# How to complete this task
Exactly the lines below starting at the line with "Curvy Sense Dresses" and ending at the line with "Видора инструкция. Противозачаточные" are wanted, with both ends included. Leave out the pictures and add no other lines.

# Given information
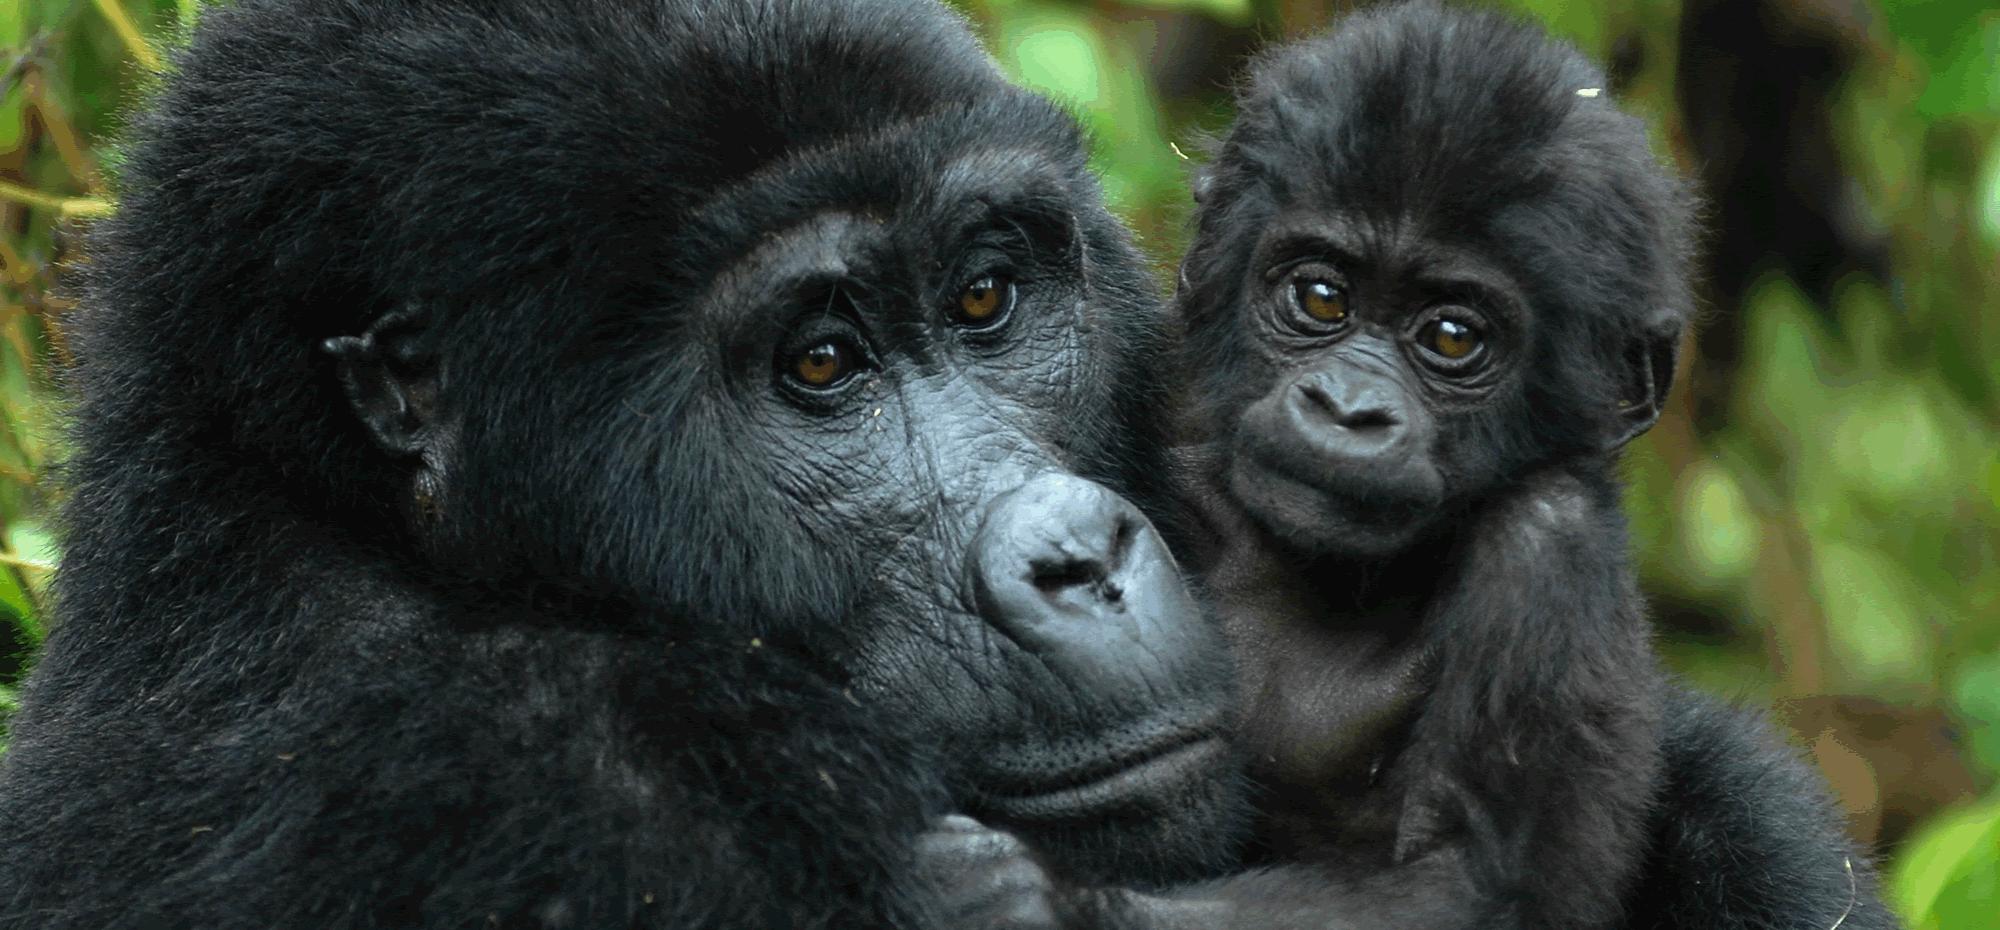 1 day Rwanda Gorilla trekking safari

* * *

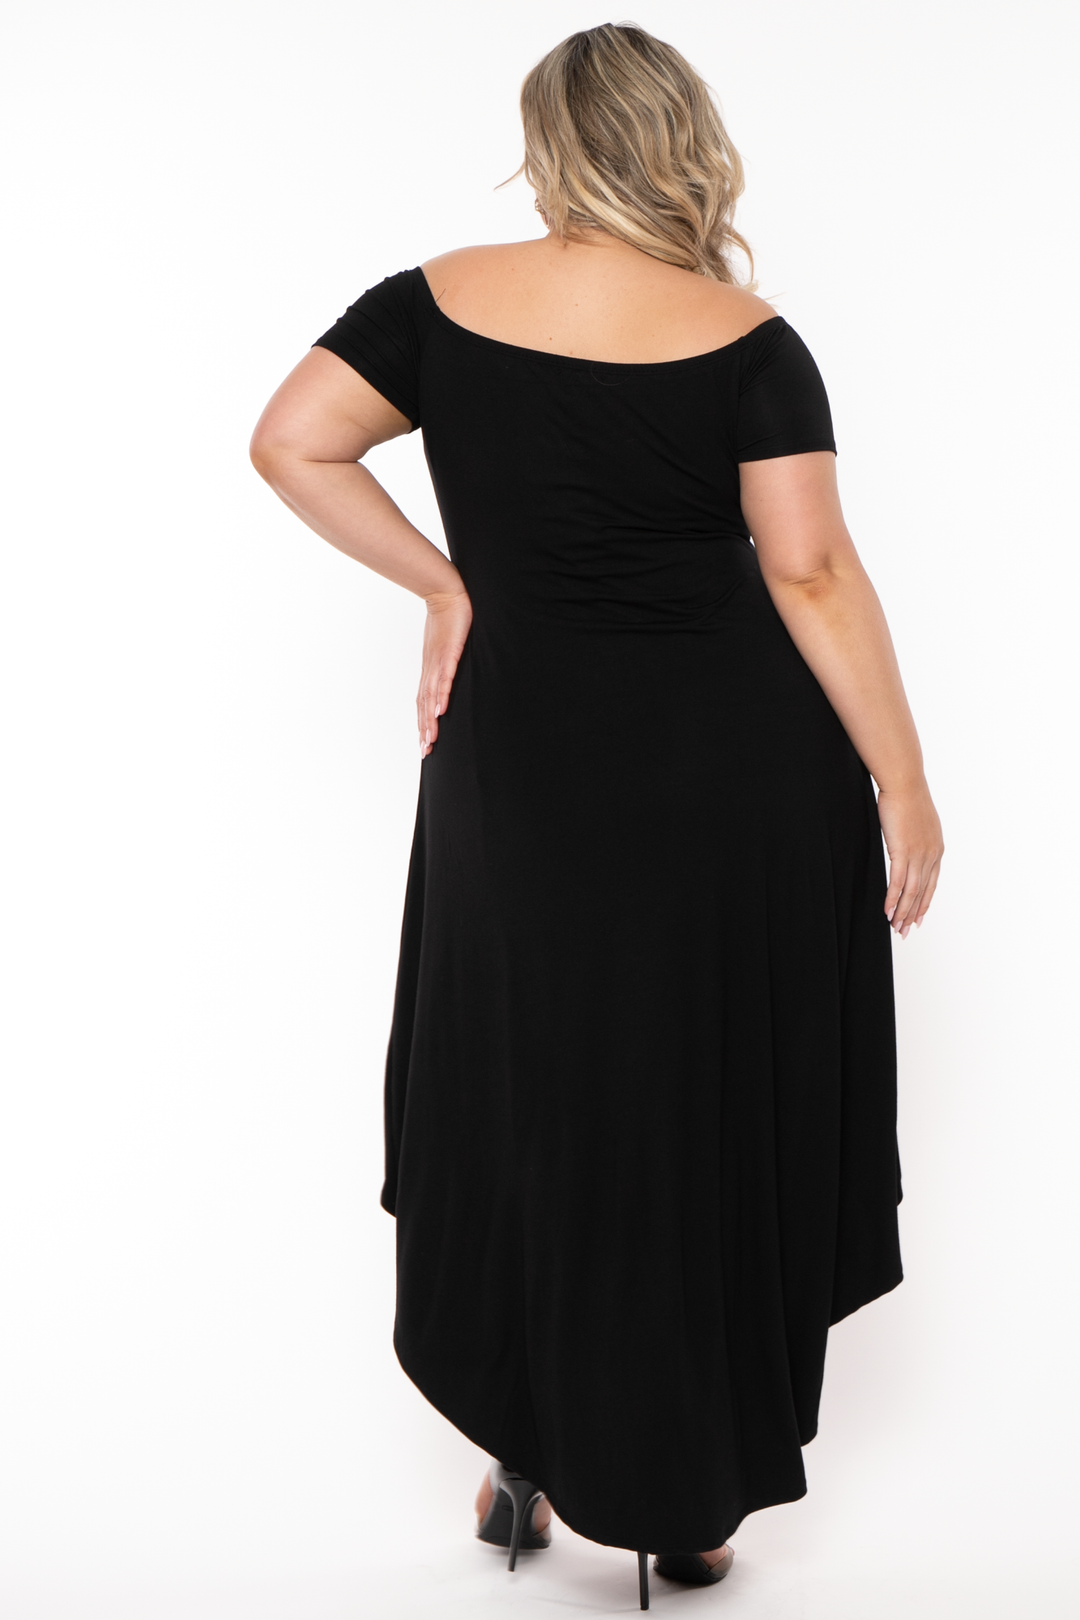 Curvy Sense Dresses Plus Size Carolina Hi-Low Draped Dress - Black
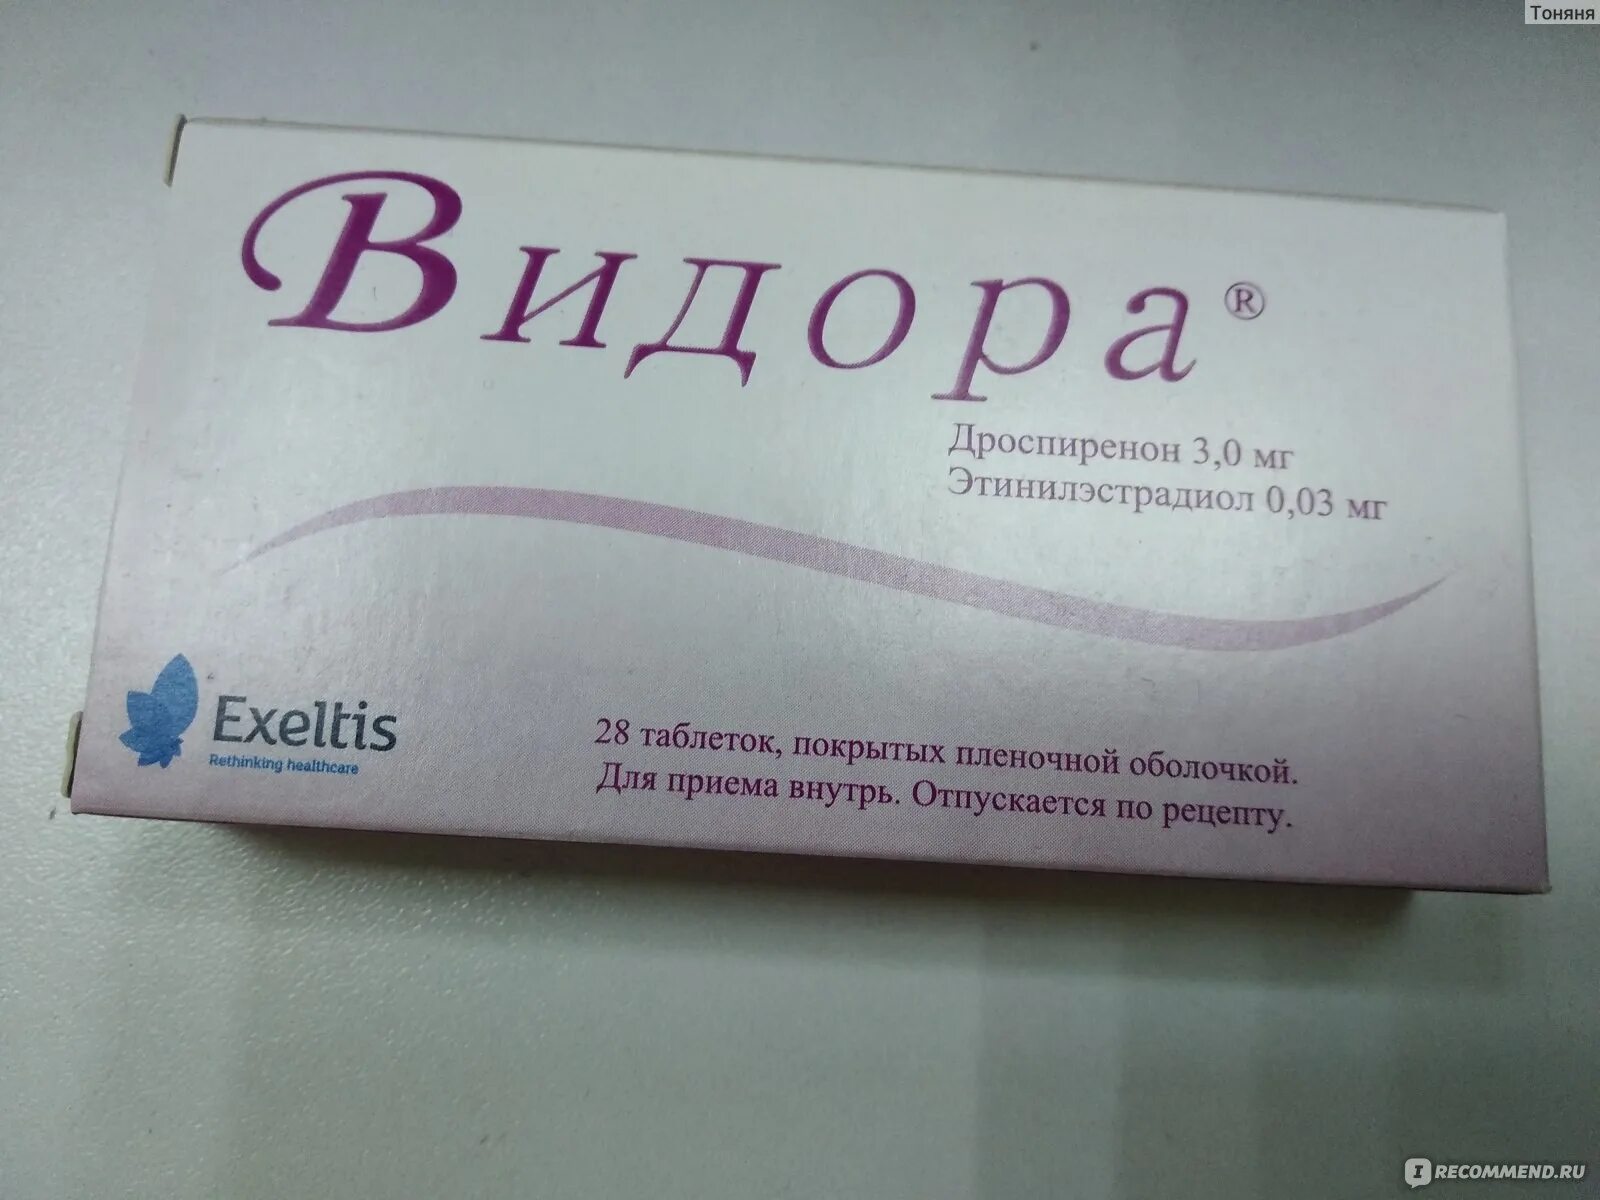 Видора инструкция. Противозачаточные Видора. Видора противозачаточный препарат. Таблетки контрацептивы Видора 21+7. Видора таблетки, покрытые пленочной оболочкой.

# Solution to this exercise
 Curvy Sense Dresses Plus Size Carolina Hi-Low Draped Dress - Black
 Видора инструкция. Противозачаточные Видора. Видора противозачаточный препарат. Таблетки контрацептивы Видора 21+7. Видора таблетки, покрытые пленочной оболочкой.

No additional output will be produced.